The beauty of Thorbergson’s research is it also provided riders with reliable indicators that their horse is relaxed and back in the learning zone. No need for heart-rate monitors; she emphasizes that riders should watch for two behaviours that will tell them their horse has relaxed: ‘neutral,’ outward-facing ears and a head carriage below the withers.

Lost in Translation?

Used as a powerful primary reinforcer, food rewards can accelerate learning and ensure its retention. Practically, delay in delivery makes the use of food rewards under saddle problematic – take too long and the horse does not associate the food with the behaviour you want to reward. However, if you take the time to train your horse that a distinctive sound reliably precedes delivery of a food reward, the sound becomes a secondary reinforcer. Clicker training, now widely used with horses, is an example of creating a secondary reinforcer using food rewards. Writing about clicker training in Equitation Science, McGreevy and McLean note, “Essentially, the clicker comes to mean ‘Yes, that’s good – a reward is coming.’”

What about using your voice instead of a ‘click’ to reward your horse? Riders frequently use their voice (e.g. “good boy!”) in what they imagine is a rewarding way. Sadly, your horse is not naturally encouraged by your vocalizations and could even be confused by them. If you’ve used “Good boy” ad nauseam with your horse, you may need to let it go as your reward phrase. Without being paired with a primary reinforcer in the past, it may have become white noise to your horse and it could take you longer to train that phrase as a secondary reinforcer.

Is all lost in translation? Not quite; using your voice as positive reinforcement from the ground and under saddle, particularly for training new or complex behaviours, works if you take the time to pair that “Good boy” (or ideally a less tired phrase) with a food reward or primary reinforcer. This is the critical link to making your voice useful as a secondary training reward.

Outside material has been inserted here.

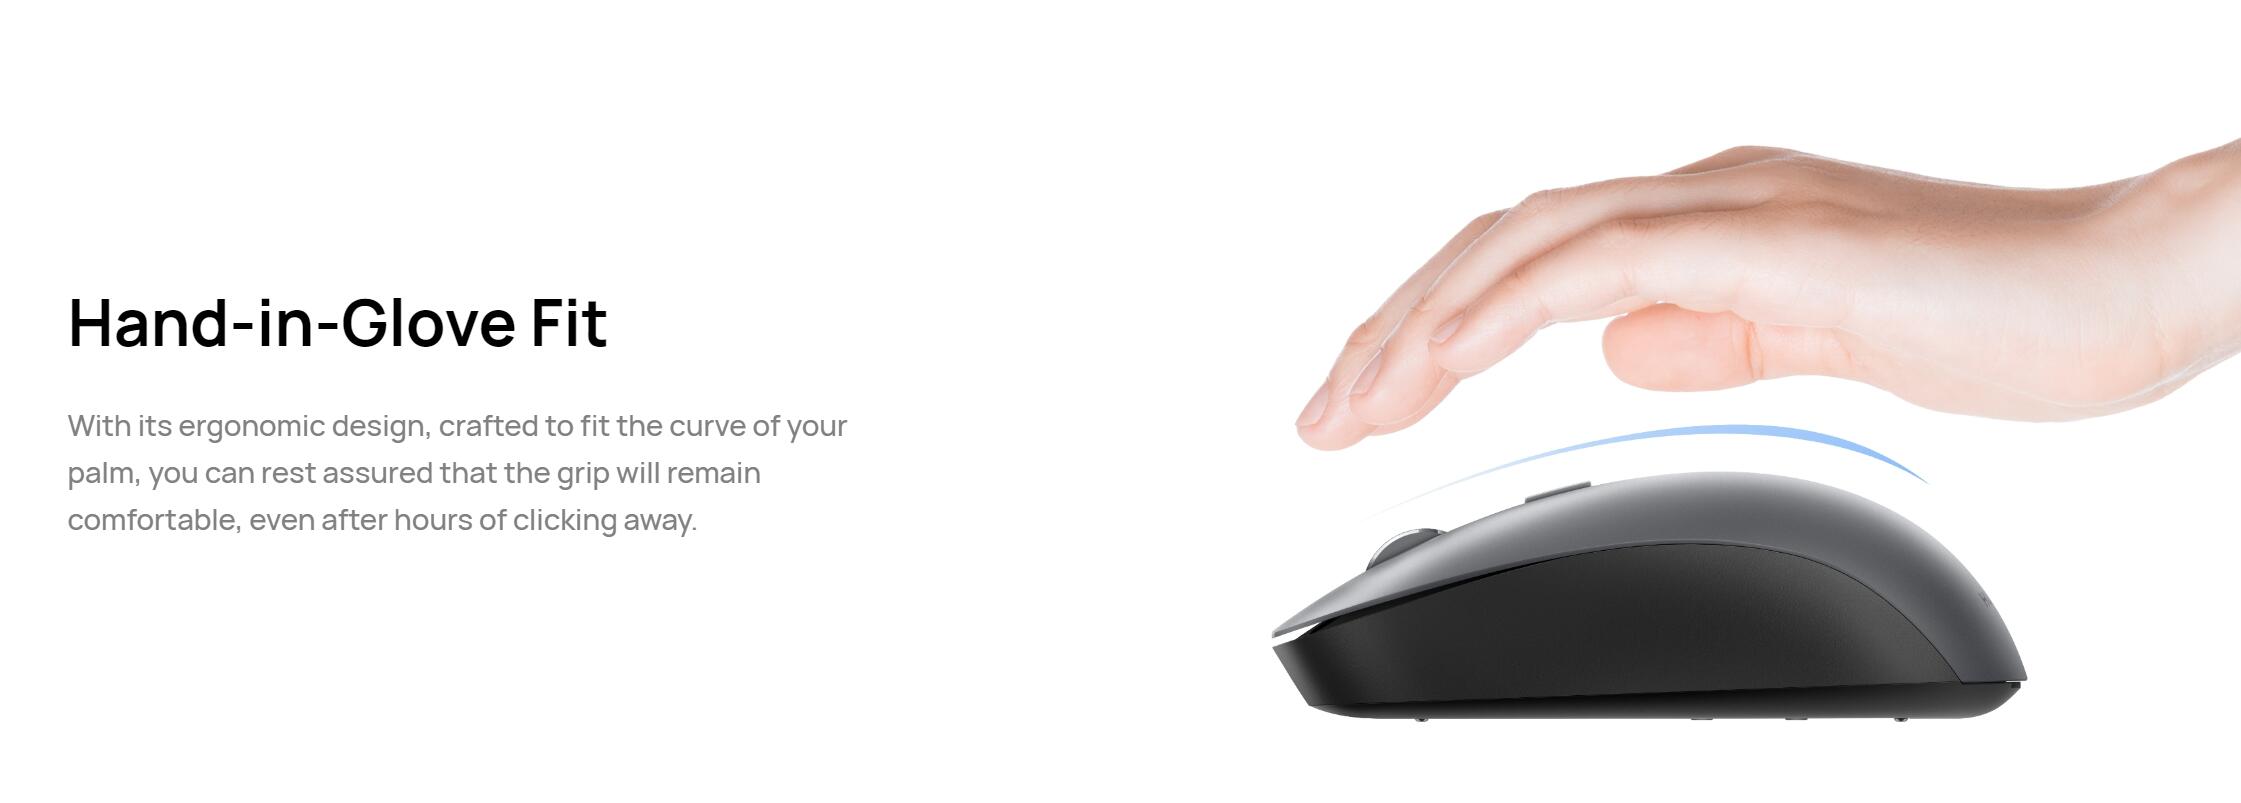 Huawei Wireless Mouse

Your first step is to determine what your food reward will be. Make it something your horse really likes, but does not regularly ingest. If he gets apple chunks daily in his beet pulp, try carrots as your reward. Make no assumptions here; test your hypothesis that the reward is something your horse loves as much as you think he ought to. And don’t be lavish; it’s not about volume. McGreevy and McLean explain “once the horse starts to expect large reinforcers in a given context, small reinforcers may start to lose their effectiveness.”

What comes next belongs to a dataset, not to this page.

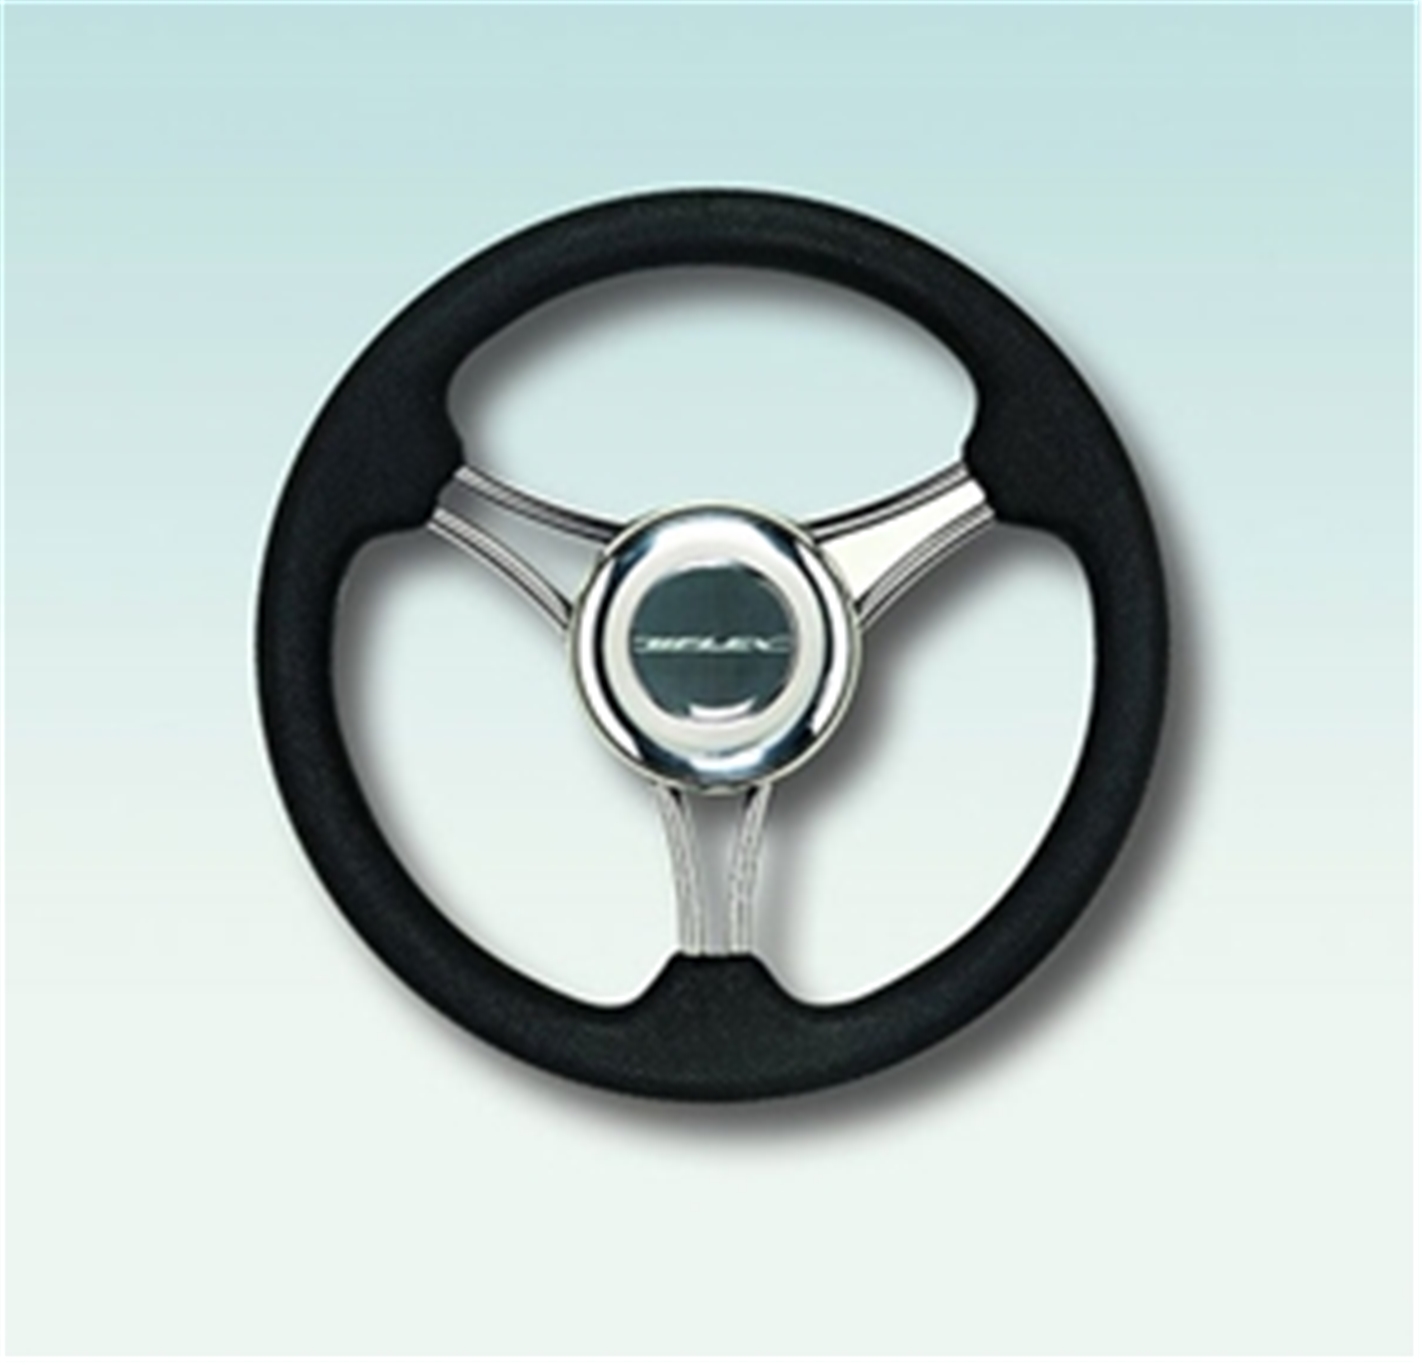 V21B Firm Grip Black Poly Steering Wheel 13.8"

The second step is to perfect your timing; the phrase you choose must be used before or up to the point you reward with the food treat. In that way, your voice becomes a reliable predictor that a food reward will follow that last leg yield. Saying your reward phrase at the same time or after the food reward is given does not allow the horse to associate his behaviour with the reward; his attention has shifted from your voice to the more reinforcing food.

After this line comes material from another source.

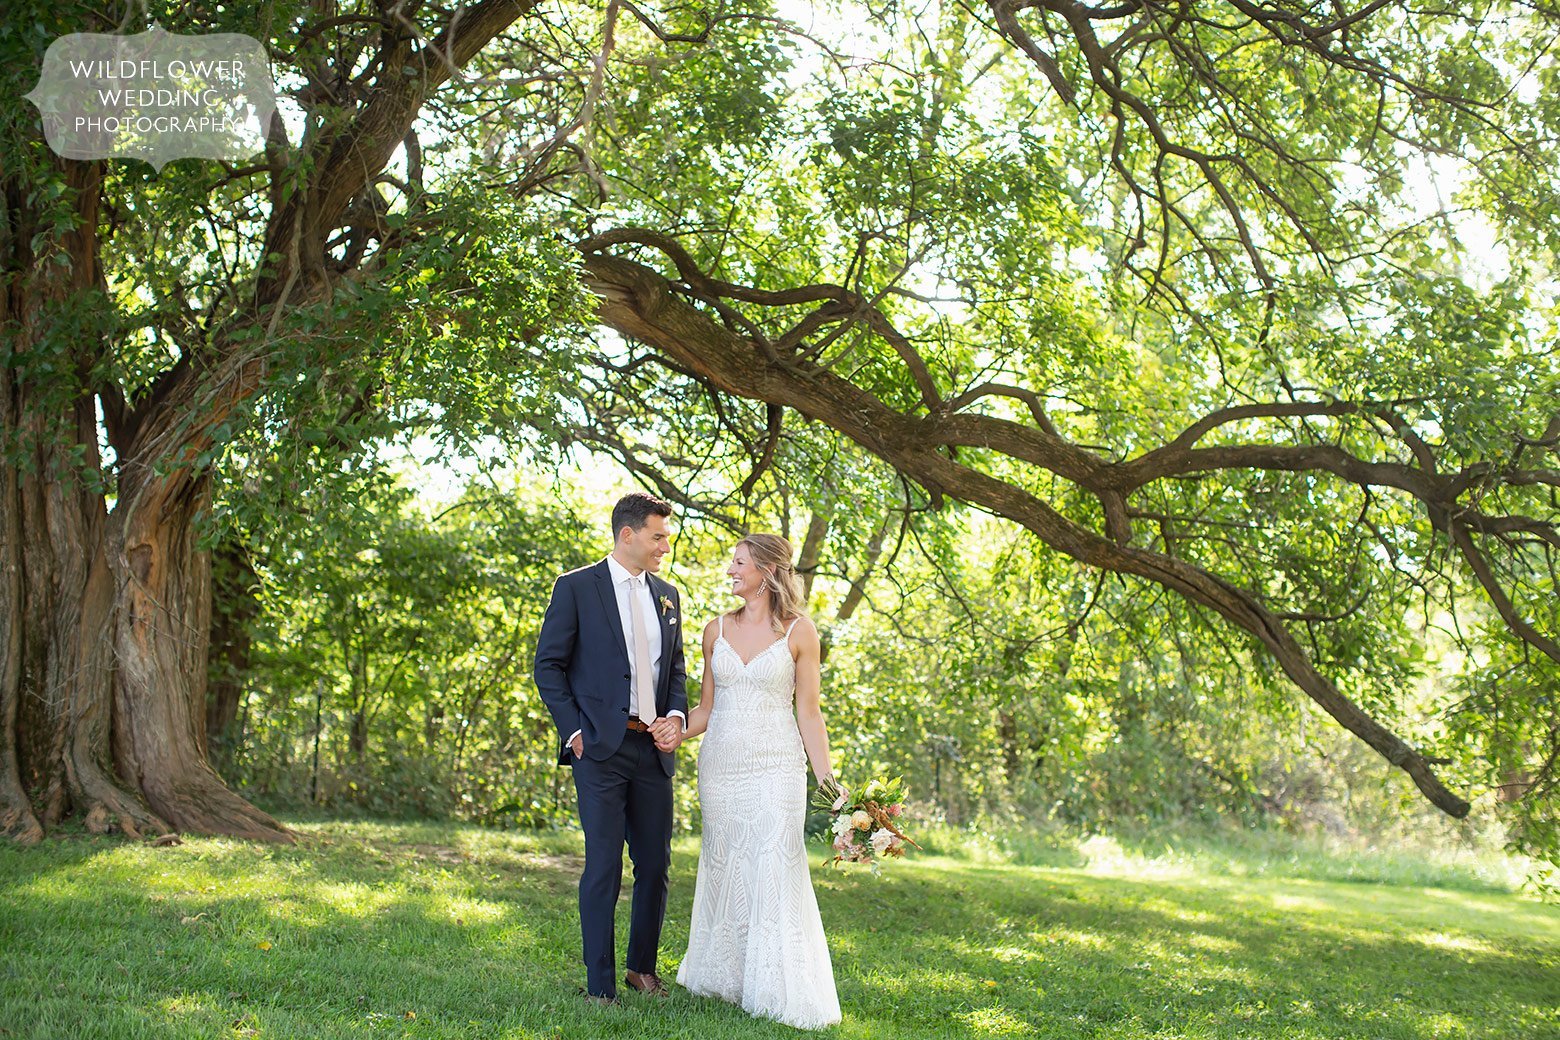 Southern wedding photographer captures bride and groom under oak tree.

Once the horse has learned that your phrase reliably precedes an edible treat, your voice becomes rewarding; the phrase tells the horse he had the correct response and a reward is coming. But don’t let your magic phrase lose its rewarding value. You can gradually lengthen the period of time between use of your trained voice reward and delivery of the food reward, but you can’t forget the carrots entirely.

The Ultimate Rewards

By keeping your horse calm in the schooling ring at home, and using the same strategies to reduce stress on the show circuit, you create the best opportunity for your horse to learn, as well as recall, your training when it matters most. Using horse-approved positive reinforcement for new learning and to keep your horse attentive through more difficult concepts can make training more rewarding for both of you.

But remember that negative reinforcement remains an integral tool in the horse trainer’s kit. McLean writes, “Getting our training right by using the correct tools at the time and having regard for the horse’s arousal, affective state and attachment (social bonding) needs, sums up perfect training.”